残業代は払っても、深夜割増だけ漏れていないか

仕事術

22時以降もシフトが回っている会社へ

コンビニや飲食店、工場のシフト勤務、物流倉庫の夜間便、システムの深夜保守対応。

従業員10〜50人くらいで、22時を過ぎても誰かが働いている会社は少なくありません。

残業代はちゃんと払っている。そのつもりでいる社長や人事担当、実は多いんですよね。

でも、給与明細を1枚めくって深夜帯の計算を確認すると、22時以降の分に深夜割増が上乗せされていない。そんなケースに、顧問先でもよく出会います。

この記事は、そんな会社に向けて書いています。

深夜シフトの残業代計算に悩む担当者のイメージ

結論:残業代を払っていても、深夜25%が抜けていれば未払いのまま

先に結論を言います。

時間外労働の割増賃金(25%以上)を払っていても、それが22時から翌5時までの時間帯にかかっているなら、深夜割増(25%以上)を別に上乗せする必要があります。

時間外と深夜が重なる時間は、25%+25%で合計50%以上の割増になります。

ここを見落として通常の残業代(25%)だけで計算していると、その差額分がまるごと未払いになっているんですよね。

ここで注意したいのが「60時間」の数え方です。この60時間は、1か月の法定時間外労働(法定休日労働を除く)が60時間を超える部分を指します。法定休日に働いた時間は、この60時間には含めません。

1か月の法定時間外労働(法定休日労働を除く)が60時間を超える月は、超えた部分の時間外割増が50%以上に引き上がります(中小企業も2023年4月1日から適用されています)。60時間の判定から除くのは法定休日の労働時間で、法定休日の労働は別枠の35%以上の割増で計算します。一方、法定外の所定休日に働いた時間は、法定時間外労働に当たれば60時間の判定にも算入します。会社が法定を上回る割増率を定めている場合は、その定めもあわせて確認してください。

この60時間を超えた時間外労働にさらに深夜がかぶると、割増率は75%以上まで跳ね上がります。

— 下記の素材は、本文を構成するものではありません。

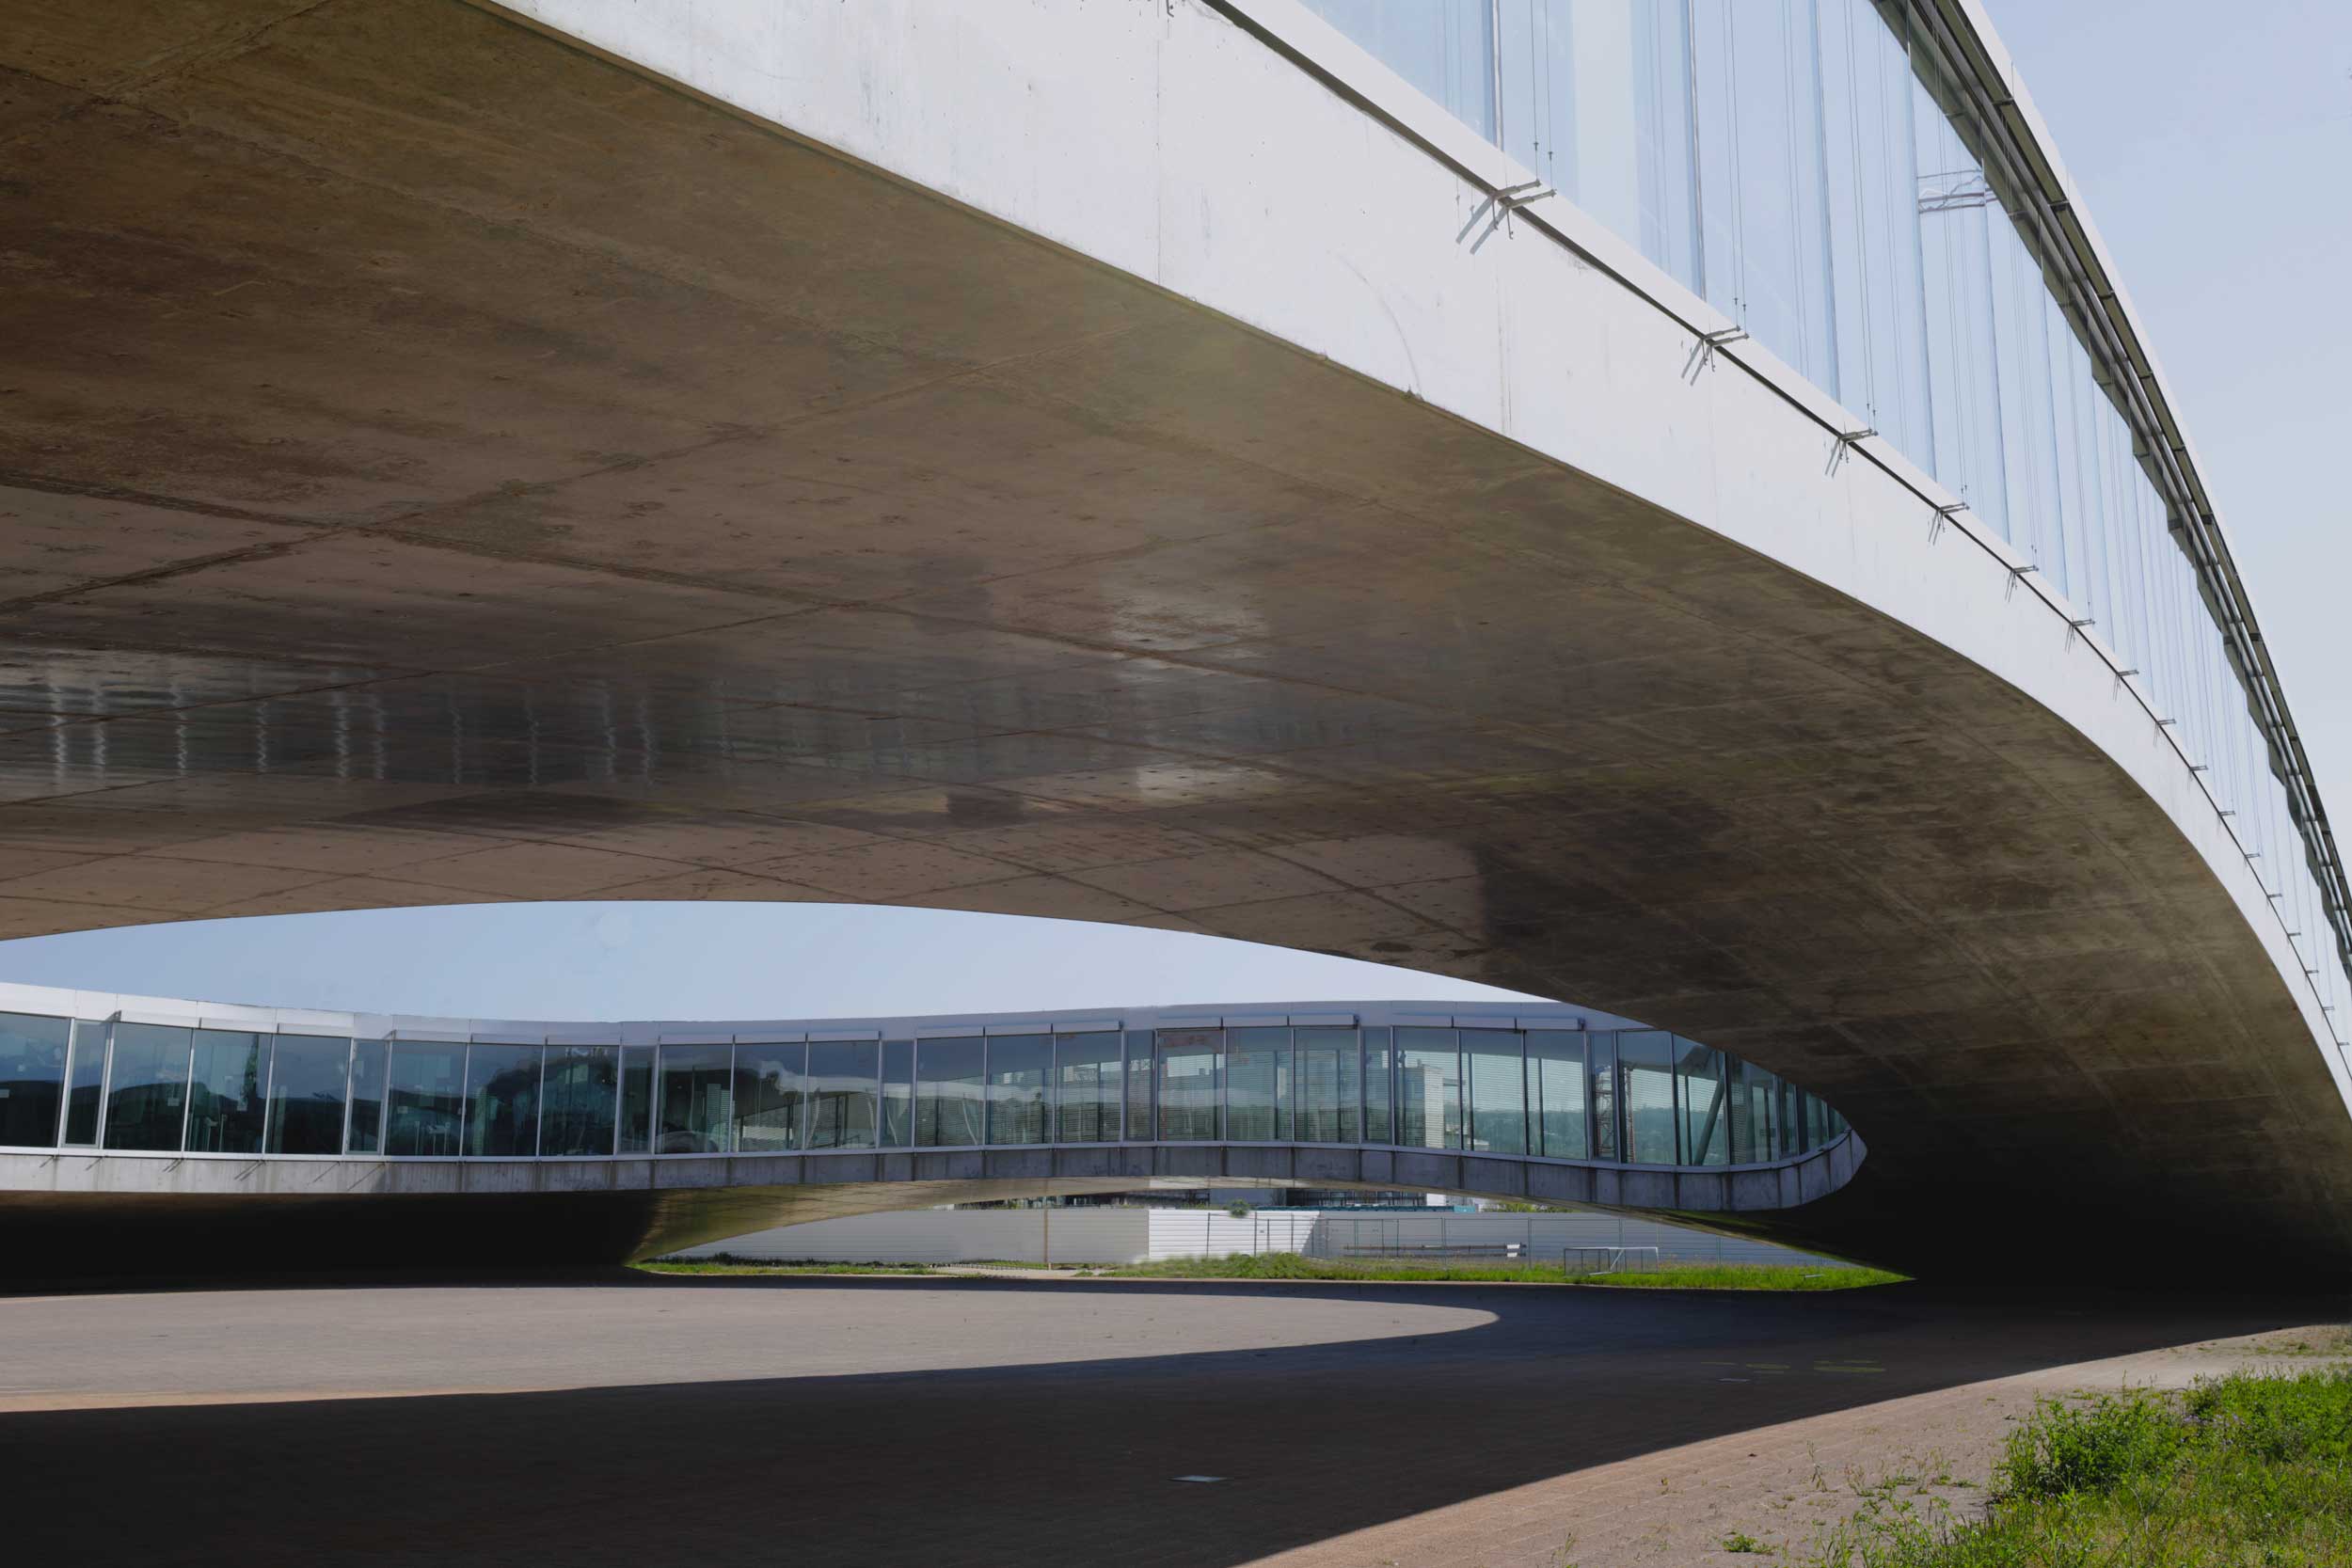 Architecture-Ecublens-Suisse-Beatrice-Paridant-de-Cauwere-RolexLC-2021-278A3669

「払っているから大丈夫」ではなく、「何%で計算しているか」を確認する必要があります。

深夜割増でよくある失敗

顧問先の給与計算を見ていて、実際によく出会う失敗を挙げます。

  • 固定残業代に深夜割増分を含めていない:22時以降の勤務がある月も、定額のまま処理してしまっている
  • 給与ソフトの「深夜」設定が有効になっていない:通常の時間外と同じ25%だけで計算されている
  • 「深夜勤務手当」と法定の深夜割増を混同している:固定額の手当を払って、実労働時間×25%の計算をした気になっている
  • 60時間超の月の再計算を忘れている:時間外と深夜が重なっているのに、50%どまりで計算している
  • 休憩時間の記録があいまい:22時から5時までの実労働時間を正しくカウントできていない

共通しているのは、「残業代を払っている」ことと「深夜割増まで正しく計算できている」ことは別問題だという点です。

固定残業代の設計自体に問題があるケースは固定残業代を払っているのに「未払い」と言われる理由でも書きましたが、深夜割増を組み込み忘れているケースは、それよりもさらに気づきにくいところがあります。

判断軸:自社の深夜割増、どこを確認すべきか

「うちも当てはまるかも」と感じたら、次の軸で今の計算を点検してみてください。

確認ポイント見るもの気づくこと
給与ソフトの設定深夜区分・深夜割増率の設定有無通常の時間外と同じ率で計算されていないか
固定残業代の設計深夜割増分を含む金額・時間数の設計か深夜勤務がある月に定額のままで足りているか
60時間超の月法定時間外(休日労働を除く)50%と深夜25%の重複計算60時間の判定に休日労働を混ぜず、75%以上で計算し直せているか
基礎賃金の範囲除外すべき手当を除いているか通勤手当・家族手当などを誤って含めていないか
打刻データ22時〜5時の実労働時間の分単位把握休憩時間を正しく差し引けているか

実際の給与明細を1件ずつ見比べる作業は地味ですが、「給与明細の控除がおかしい」と言われたときの確認手順で書いた確認の型が、そのまま使えます。

給与計算で深夜割増の計算漏れを確認するイメージ

法律ではどう決まっているか

深夜割増の根拠は、労働基準法37条4項です。

午後10時から午前5時までの労働について、通常の賃金の25%以上を割増して支払う義務を定めています。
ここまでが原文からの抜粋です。